In a typical fMRI experiment  a series of stimuli are presented to an observer and evoked brain activity–in the form of blood-oxygen-level-dependent (BOLD) signals–are measured from tiny chunks of the brain called voxels. The task of the researcher is then to infer the tuning of the voxels to features in the presented stimuli based on the evoked BOLD signals. In order to make this inference quantitatively, it is necessary to have a  model of how BOLD signals are evoked in the presence of stimuli. In this post we’ll develop a model of evoked BOLD signals, and from this model recover the tuning of individual voxels measured during an fMRI experiment.

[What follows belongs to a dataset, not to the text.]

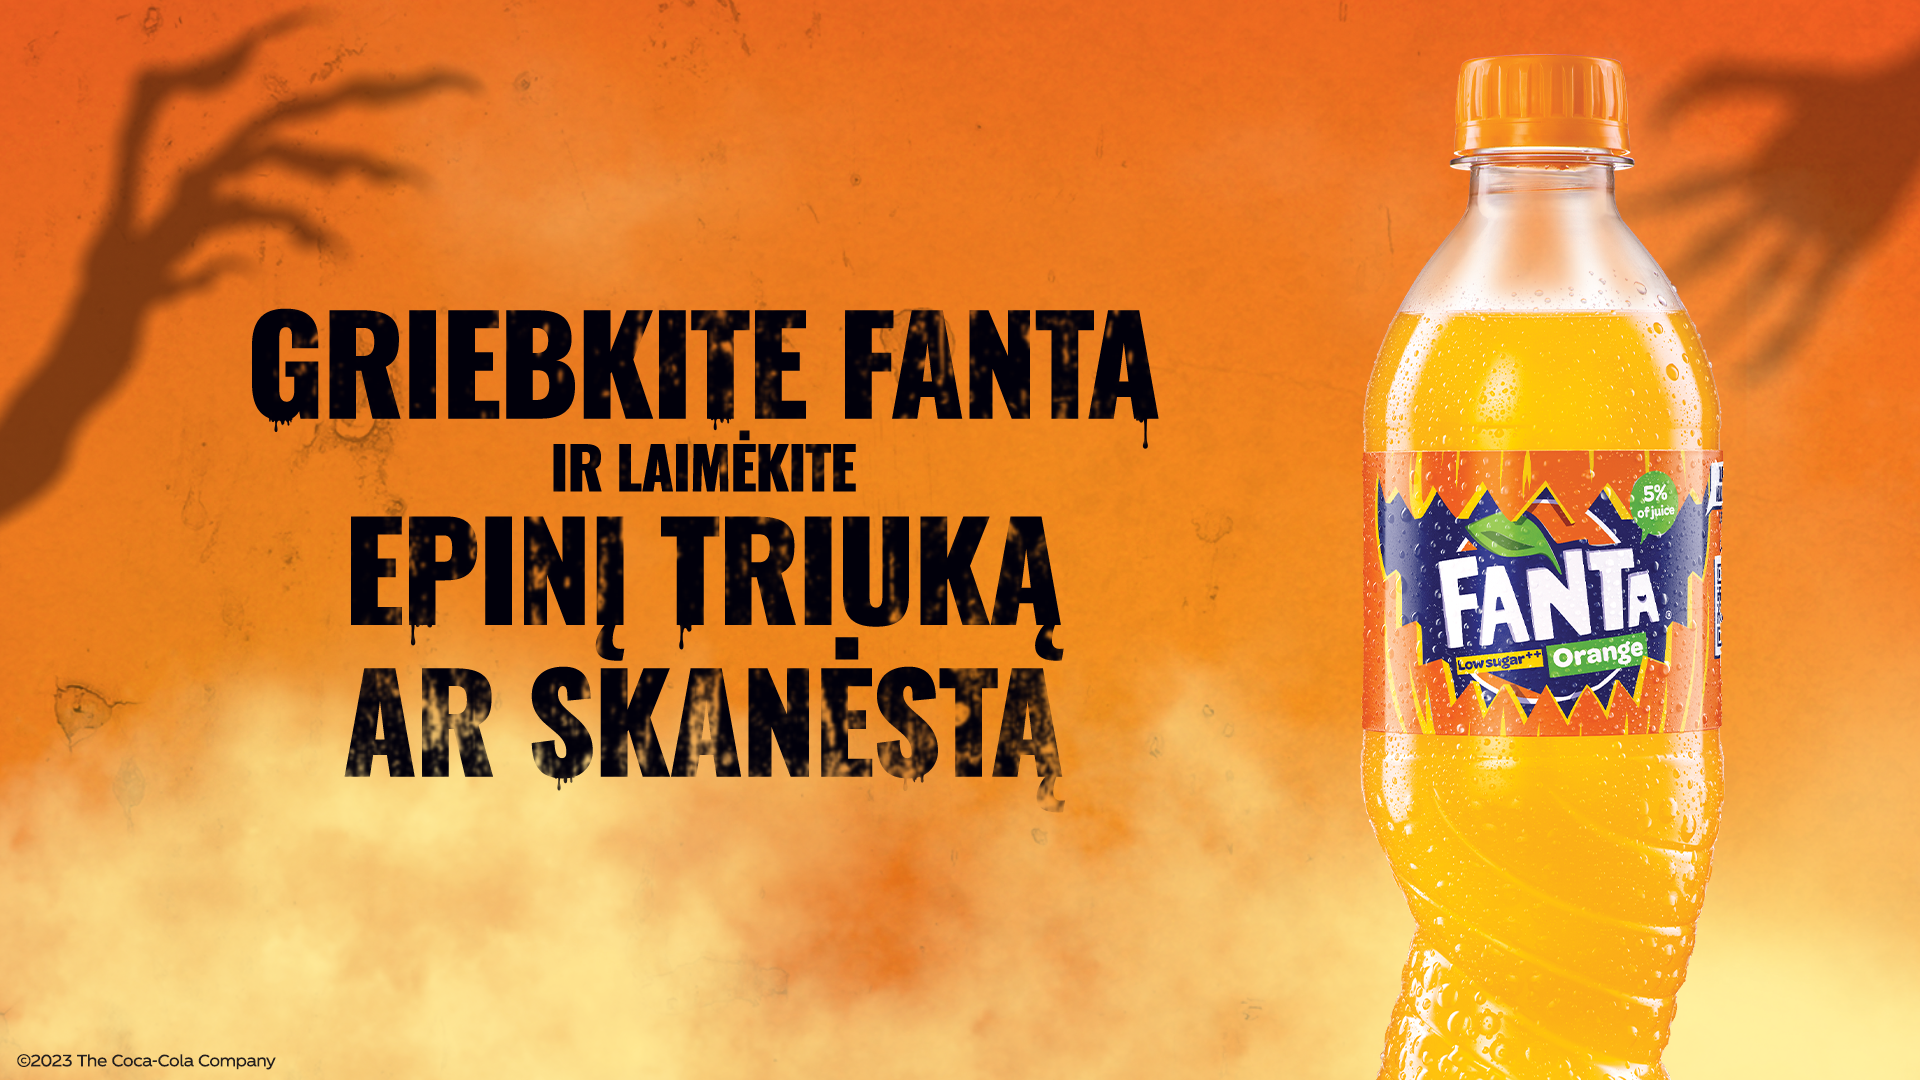 Bottle of Fanta with scary image and text to grab a Fanta to win epic tricks or treats

Modeling the Evoked BOLD Signals — The Stimulus and Design Matrices

Suppose we are running an event-related fMRI experiment where we present C different stimulus conditions to an observer while recording the BOLD signals evoked in their brain over a series of T consecutive fMRI measurements (TRs). We can represent the stimulus presentation quantitatively with a T \times C binary Stimulus Matrix, D, whose entries indicate the onset of each stimulus condition (columns) at each point in time (rows). Now let’s assume that we have an accurate model of how a voxel is activated by a single, very short stimulus. This activation model is called hemodynamic response function (HRF), h, for the voxel, and, as we’ll discuss in a later post, can be estimated from the measured BOLD signals. Let’s assume for now that the voxel is also activated to an equal degree to all stimuli. In this scenario we can represent the BOLD signal evoked over the entire experiment with another T \times C matrix X called the Design Matrix that is the convolution of the stimulus matrix D with the voxel’s HRF h.

X = D * h

Note that this model of the BOLD signal is an example of the Finite Impulse Response (FIR) model that was introduced in the previous post on fMRI Basics.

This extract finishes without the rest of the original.